Digitalization & Software-Enabled Engineering
We deploy a structured modelling approach tailored to project goals and data availability:
- Mechanistic Models: Reaction Lab, Aspen Plus, MixIT
- Empirical Models: Design Expert, Dynochem
- Hybrid Models: AI/ML-based frameworks
Model selection depends on development stage, interpretability needs, and risk profile.

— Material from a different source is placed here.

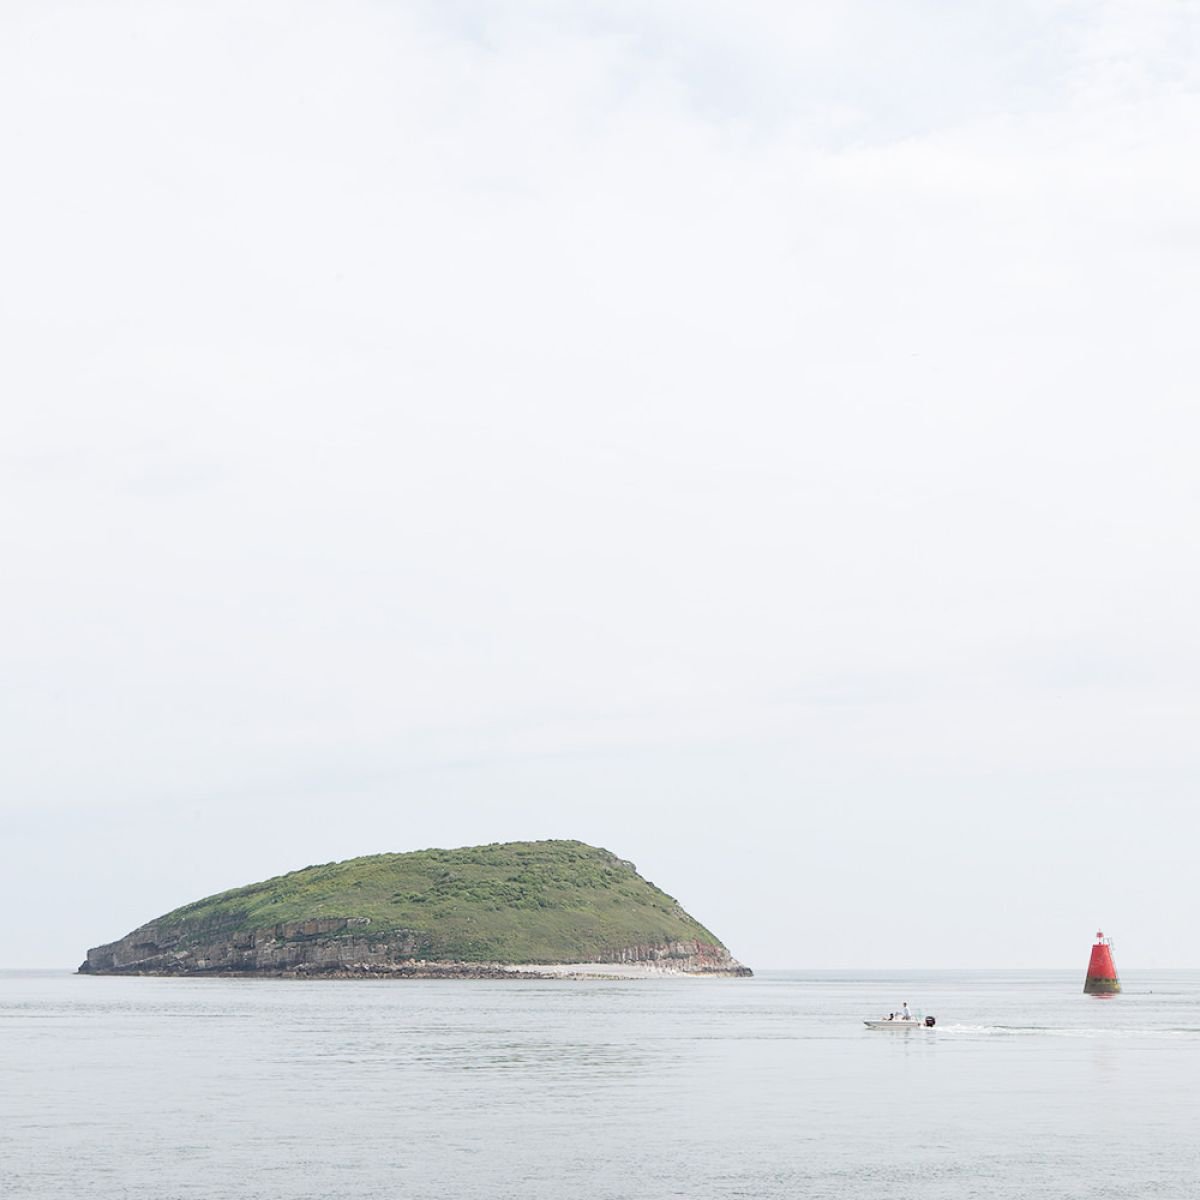 Island, Speedboat, Marker by Steve Deer

Data is captured from lab trials, HMI/SCADA systems, and PAT tools, then cleaned, normalized, and stored in structured formats such as ELNs and secure cloud repositories. Models are preserved as project assets, enabling reuse and knowledge continuity.
Engineers actively deploy models during lab-scale studies, scale-up planning, and troubleshooting. Bottlenecks, variability sources, and process gaps are identified through structured analysis. Models are documented, templated (e.g., DoE frameworks, kinetic model structures), and continuously refined through validation feedback.
We use platforms such as Aspen Plus, Dynochem, and MixIT for process and scale-up modeling. Model outputs are shared through secure digital folders, PDF reports, SharePoint access, or API-enabled integration—ensuring transparency and collaborative decision-making.